00-Panorama - vom Gipfel der Milseburg aus aufgenommen
Nach einer anstrengenden Kletterpartie kam auch ich irgendwann auf dem Gipfel des Berges, auf dem einst ein Riese namens Mils gehaust haben soll, an. Welche Legende sich um diesen Riesen rankt, ist für die Interessierten unter einem der beiden obigen Links zu finden. Hier vielleicht nur so viel, er soll unter der Milseburg begraben liegen. Aber zurück zu meiner Bergbesteigung. Herr Silberdistel war schon fast wieder abmarschbereit, als ich gerade mal mit Müh‘ und Not die 835 m ü. NN, die die Milseburg als drittgrößter Berg der Rhön aufzuweisen hat, bezwungen hatte. Aber nix da! Ich wollte jetzt erst einmal ordentlich in die weite Ferne blicken und dabei natürlich auch ein wenig verschnaufen, bevor es wieder an den Abstieg ging. Bei guter Sicht, und die hatten wir an diesem Tage, ist gegenüber der Milseburg recht gut die Wasserkuppe mit ihrem „Fußball“ auf dem Gipfel zu erkennen, der Berg, auf dem sich die Segelflieger der Rhön zuhause fühlen. Der „Fußball“ ist übrigens eine Radarkuppel aus Zeiten, in denen die Wasserkuppe noch militärisch genutzt wurde.

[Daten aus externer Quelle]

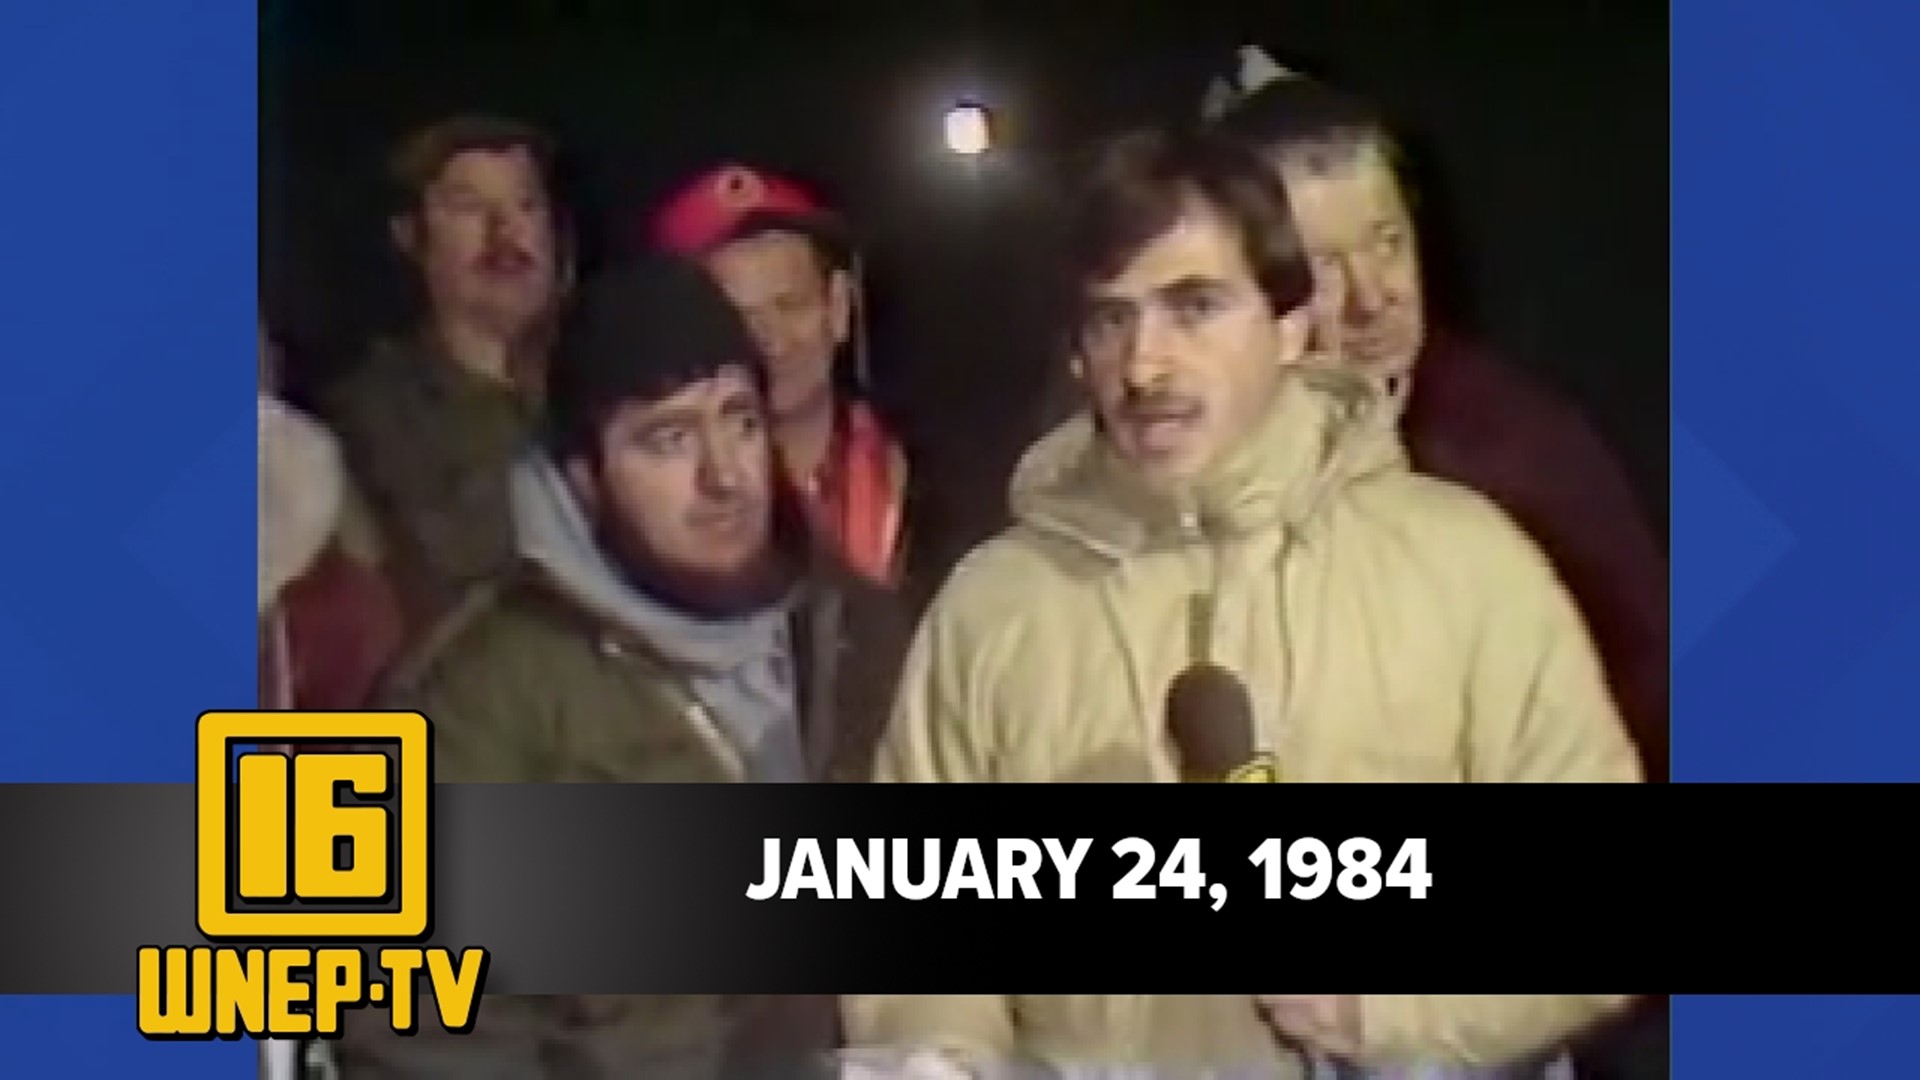 Join Karen Harch and Nolan Johannes with curated stories from January 24, 1984.
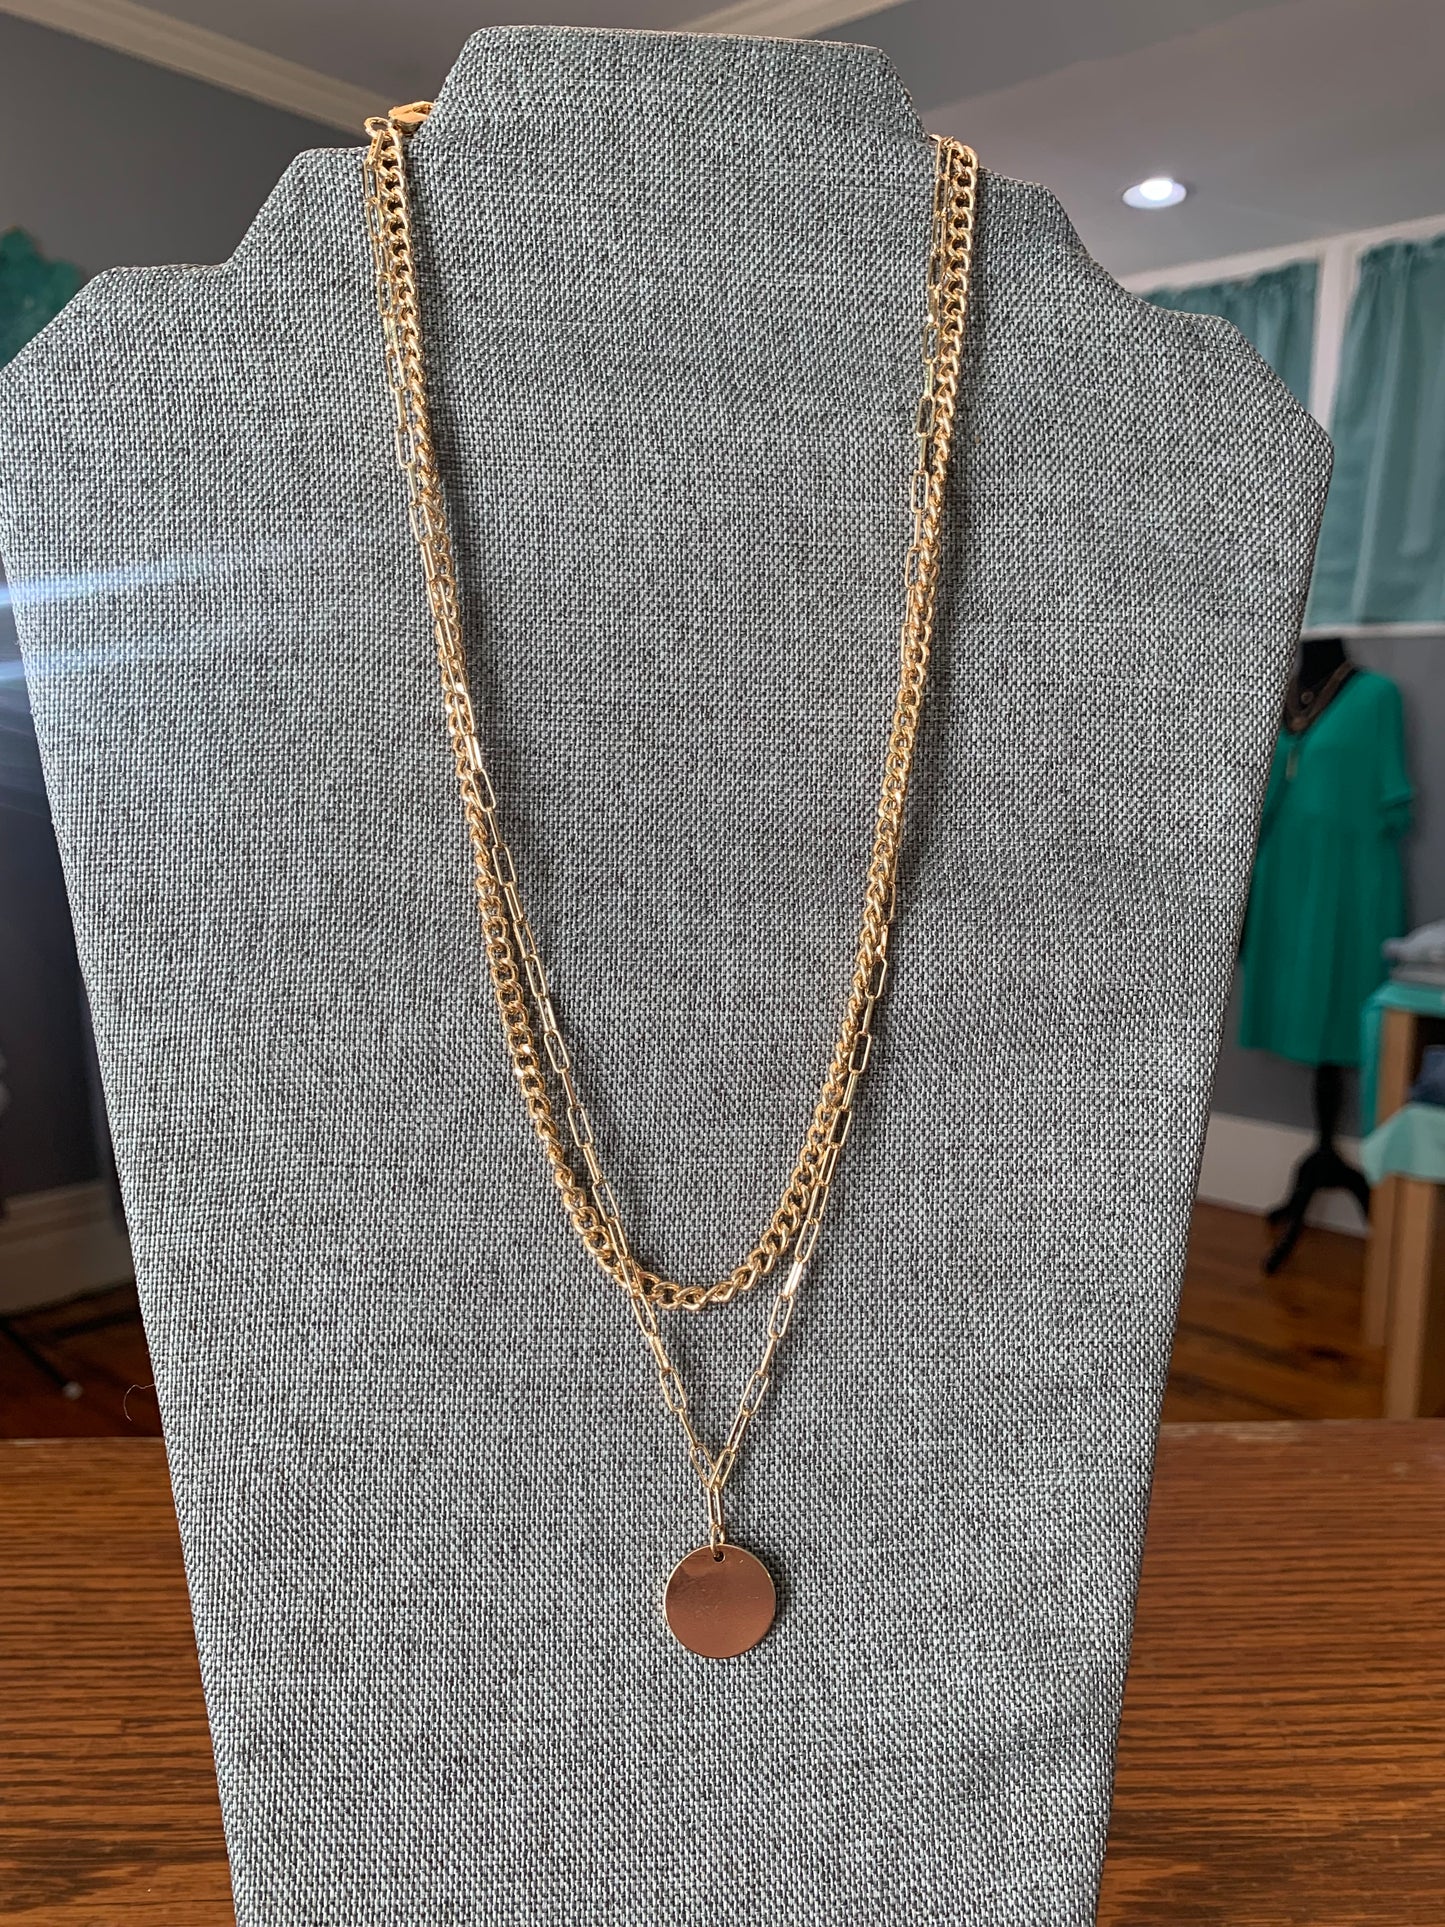 2 Strand Gold Necklace

Eigentlich hätten wir jetzt gut eine Bratwurst gebrauchen können, um wieder etwas zu Kräften zu kommen. Leider war der Gastwirt gerade erst mit dem Anfeuern des Holzkohlegrills beschäftigt. Es würde also noch eine gute Weile dauern, bis wir zu einer heißen Bratwurst kommen würden. Kurz entschlossen kletterten wir den Berg wieder hinab und wanderten weiter, dieses Mal in Richtung der Poppenhausener Kunstmeile. Auf dem Weg liegt der „Eselsbrunn“, eine nette kleine Gaststätte, in der es selbstgebackenen Kuchen gibt. Natürlich hatten wir vor, dort einzukehren und unser Mittagessen ganz einfach durch Kaffee und Kuchen zu ersetzen, und wir wurden auch so gar nicht enttäuscht. Es gab ganz leckeren Walnuss-Apfelkuchen zu essen. Übrigens habe ich, wieder zuhause, durch Zufall ein recht ähnliches Apfelkuchenrezept entdeckt. Dieser Kuchen hat sich inzwischen zu einem unserer Lieblingskuchen gemausert. Ich hatte meine Nachbackkünste hier in meinem Blog sogar veröffentlicht. Wer also noch einmal schauen will, findet den Kuchen hier. Er schmeckt mit ein wenig Schlagsahne dazu ganz besonders gut, und dass Schlagsahne etwas enorm Leckeres ist, das wusste auch die Katze, die im „Eselsbrunn“ ihr Zuhause hat. Wahrscheinlich ahnte sie, kaum dass wir uns häuslich in der Sonne niedergelassen hatten, dass sie in mir ein leichtes Opfer finden würde, wenn sie um einen kleinen Klecks Sahne bitten würde. Offensichtlich genügte der Dame nicht, was ich mir abschwatzen ließ, denn das Kätzchen setzte sich anschließend an die offene Tür zum Gastraum und erhoffte sich wohl noch ein extra Schüsselchen von der Wirtin. Aber da hatte die Pelznase die Rechnung dann doch ohne die Wirtin gemacht, denn es gab nichts außer einem strengen Blick, der besagte: „Die Gaststube ist katzenfreie Zone!“
Satt und zufrieden verabschiedeten wir uns schließlich von der Wirtin und vom Kätzchen und weiter ging’s die Kunstmeile entlang mit ihren am Wegesrand stehenden mitunter recht seltsamen, aber durchaus auch interessanten, Kunstwerken.  Inzwischen waren auch die letzten Kunstwerke, die sich bei unserem Besuch vor einem Jahr noch als namenlose Kunst erwiesen hatten, mit Schildern versehen. Sie verrieten uns endlich, wie der kunstfertige Figurenschnitzer heißt und vor allem, welchen Namen er seinem hölzernen Wesen gegeben hatte. So sind wir tatsächlich auch bei dieser Wanderung wieder ein wenig klüger und weiser geworden, und vor lauter Bildung merkten wir gar nicht, wie die Zeit verging, denn urplötzlich standen wir schon wieder am Grabenhöfchen und vor unserem Auto.
Apropos weise, ich habe auf dem letzten Stück des Wanderwegs nicht nur meinen Kunsthorizont erweitert, ich habe außerdem noch erkennen dürfen, dass die Milseburg nur unwesentlich höher ist als eine Rotgescheckte. Der Bildbeweis hängt hier unten an. Seltsam nur, dass mir beim Aufstieg auf den, wie ich nun weiß, recht kleinen, Milsehügel trotzdem so erstaunlich warm wurde, dass mir die Schweißtropfen von der Stirn perlten.